Lecturers at the University of Manchester have voiced their outrage at 140 potential staff redundancies through a vote in favour industrial action later this month.

Members of University College and Union (UCU) held the vote on Wednesday the 4th of October. There was a turnout of 57.7 percent, and a total of 1049 votes were cast.

86.7 per cent of members who voted suggested they were “prepared to take industrial action consisting of a strike”, while 93.1 per cent were “prepared to take industrial action short of a strike.”

On the day of the vote, UCU members gathered in the Old Quadrangle off Oxford Road at 1.30pm to lobby the Board of Governors. Strike action has been planned for Monday the 23rd of October and Tuesday the 24th of October, and staff will then begin working to rule from Thursday the 25th of October.

UCU regional official, Martyn Moss, said: “Today’s decisive ballot result reflects the strength of feeling amongst our members who have been incensed at every aspect of these proposals to slash jobs.

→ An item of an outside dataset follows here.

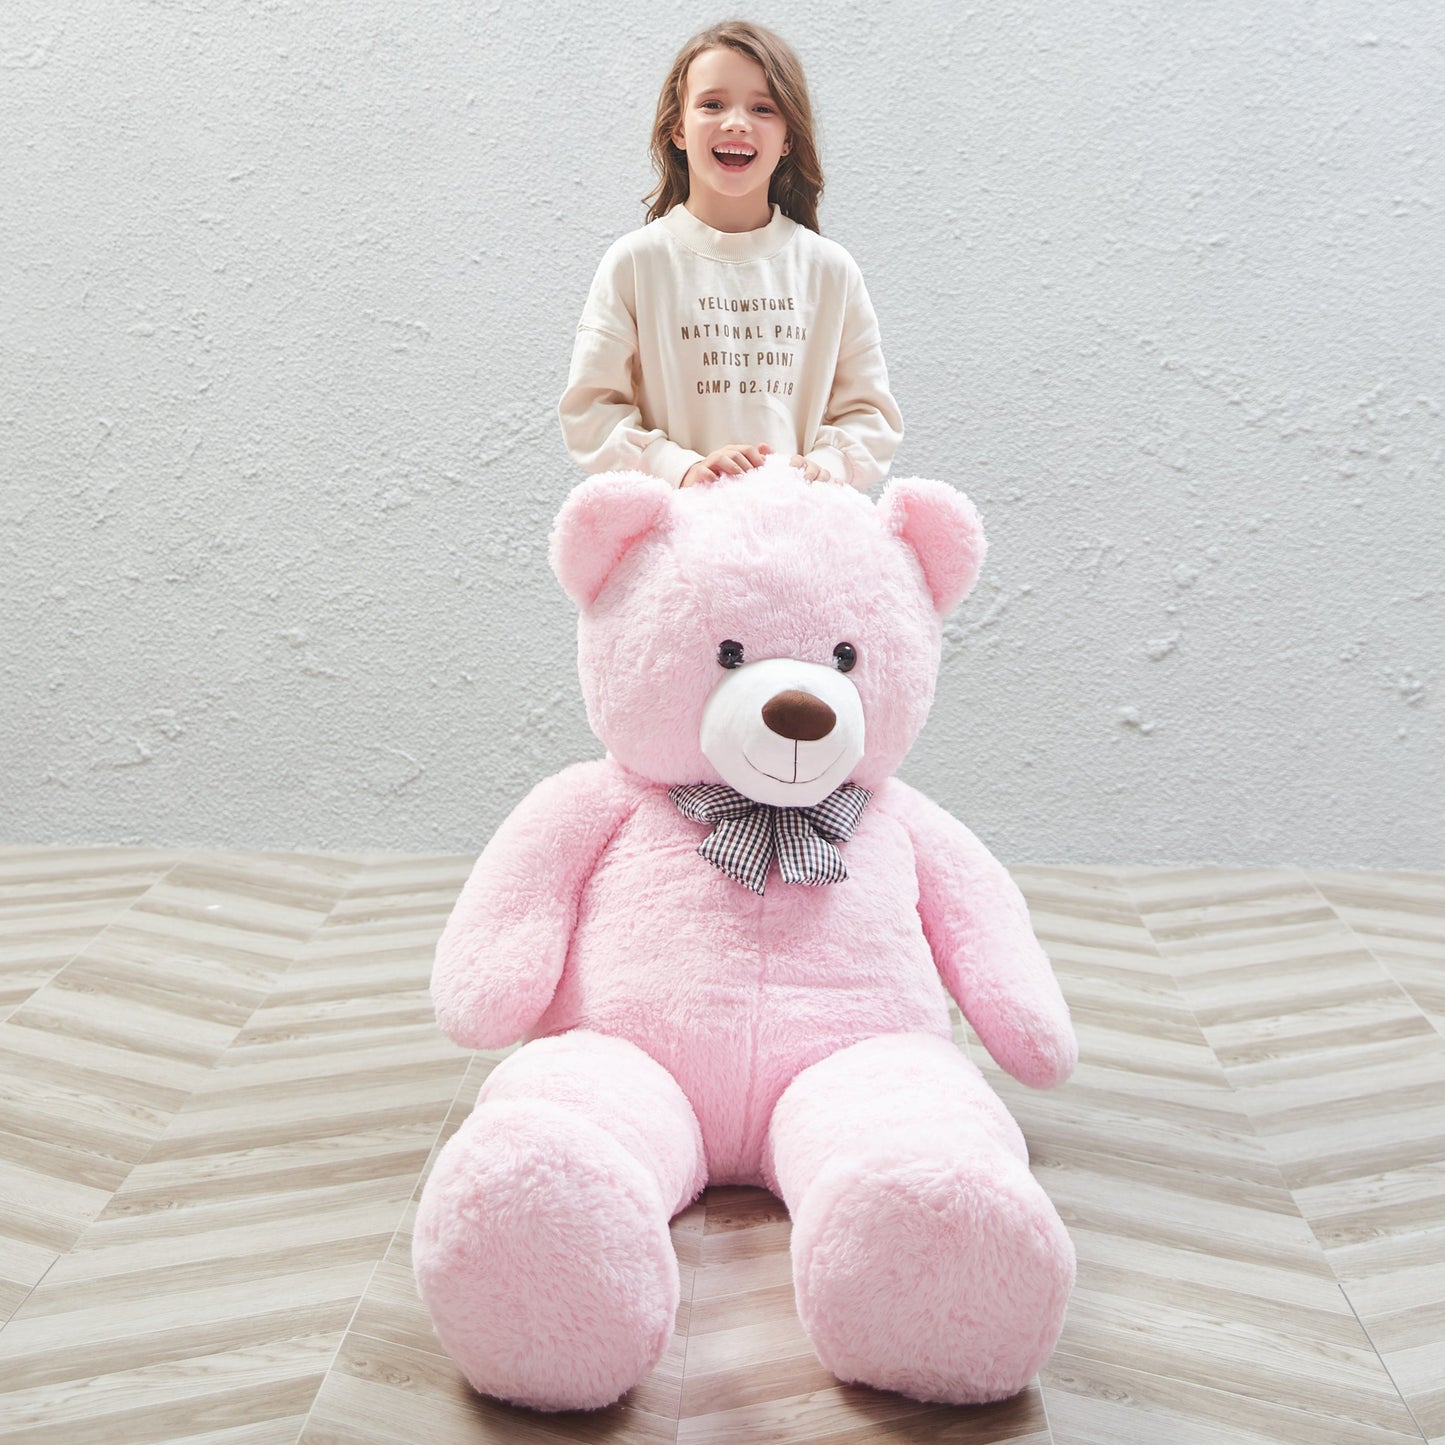 Giant Teddy Bear Stuffed Animal Toy, Pink, 39/47/55 Inches - MorisMos Stuffed Animals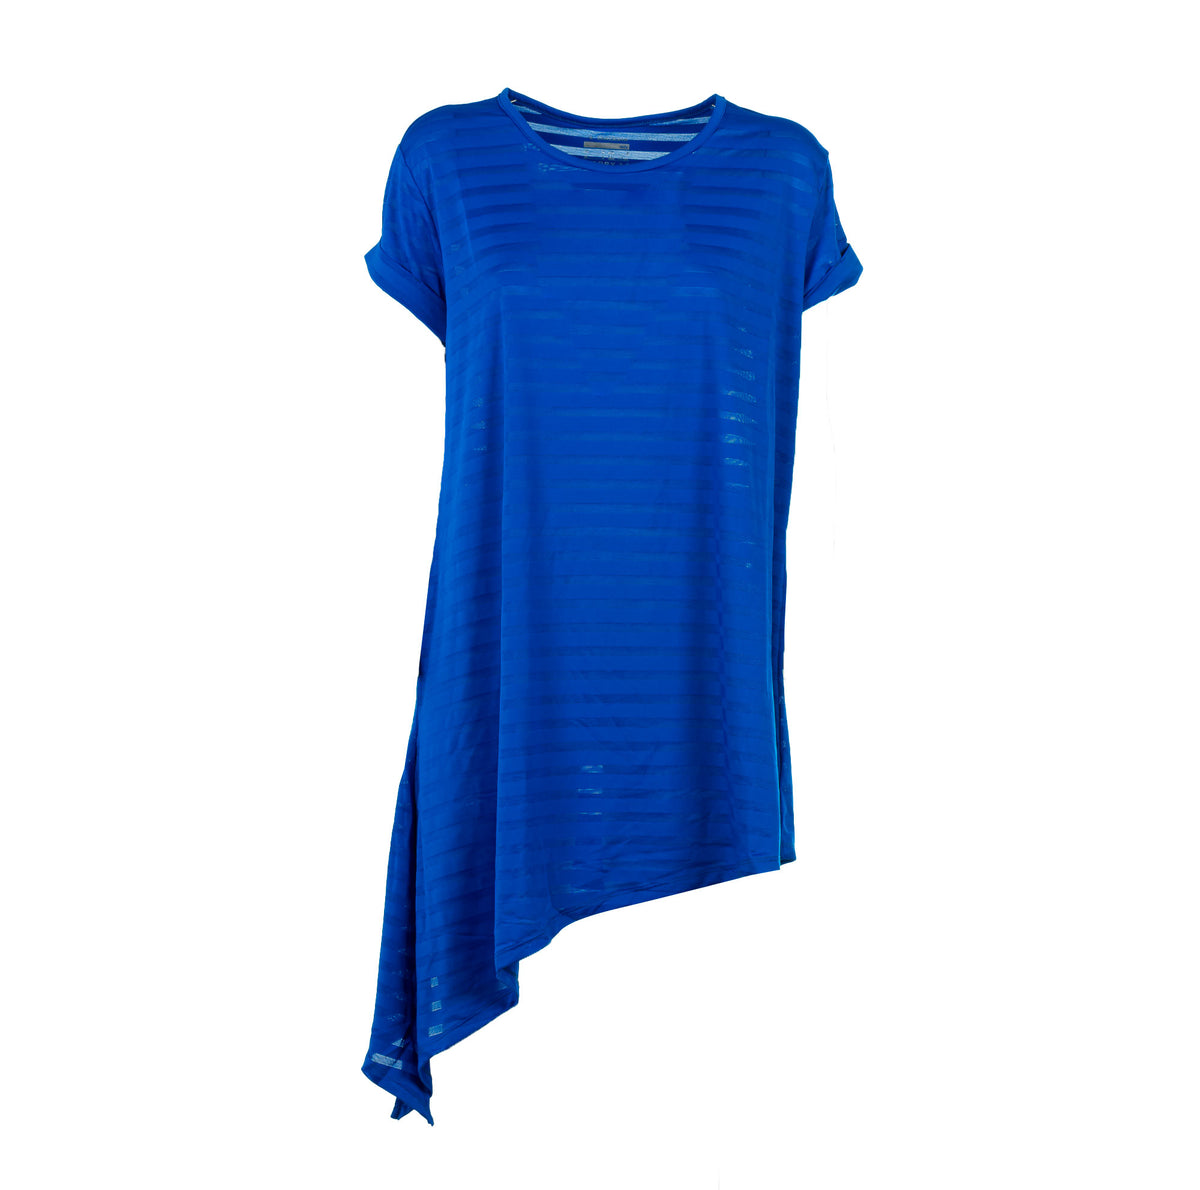 DIADORA | T-Shirt Sportiva manica corta royal blue Donna | 102.172158.01

“The University of Manchester has been plunged into crisis because of a management strategy that bypassed the professionals who work in the affected areas. These redundancy proposals lack a convincing rationale and staff are not confident that the process will be fairly and consistently implemented.

“Striking is always a last resort and there is still the opportunity to avoid it. The University of Manchester must take compulsory redundancies off the table.”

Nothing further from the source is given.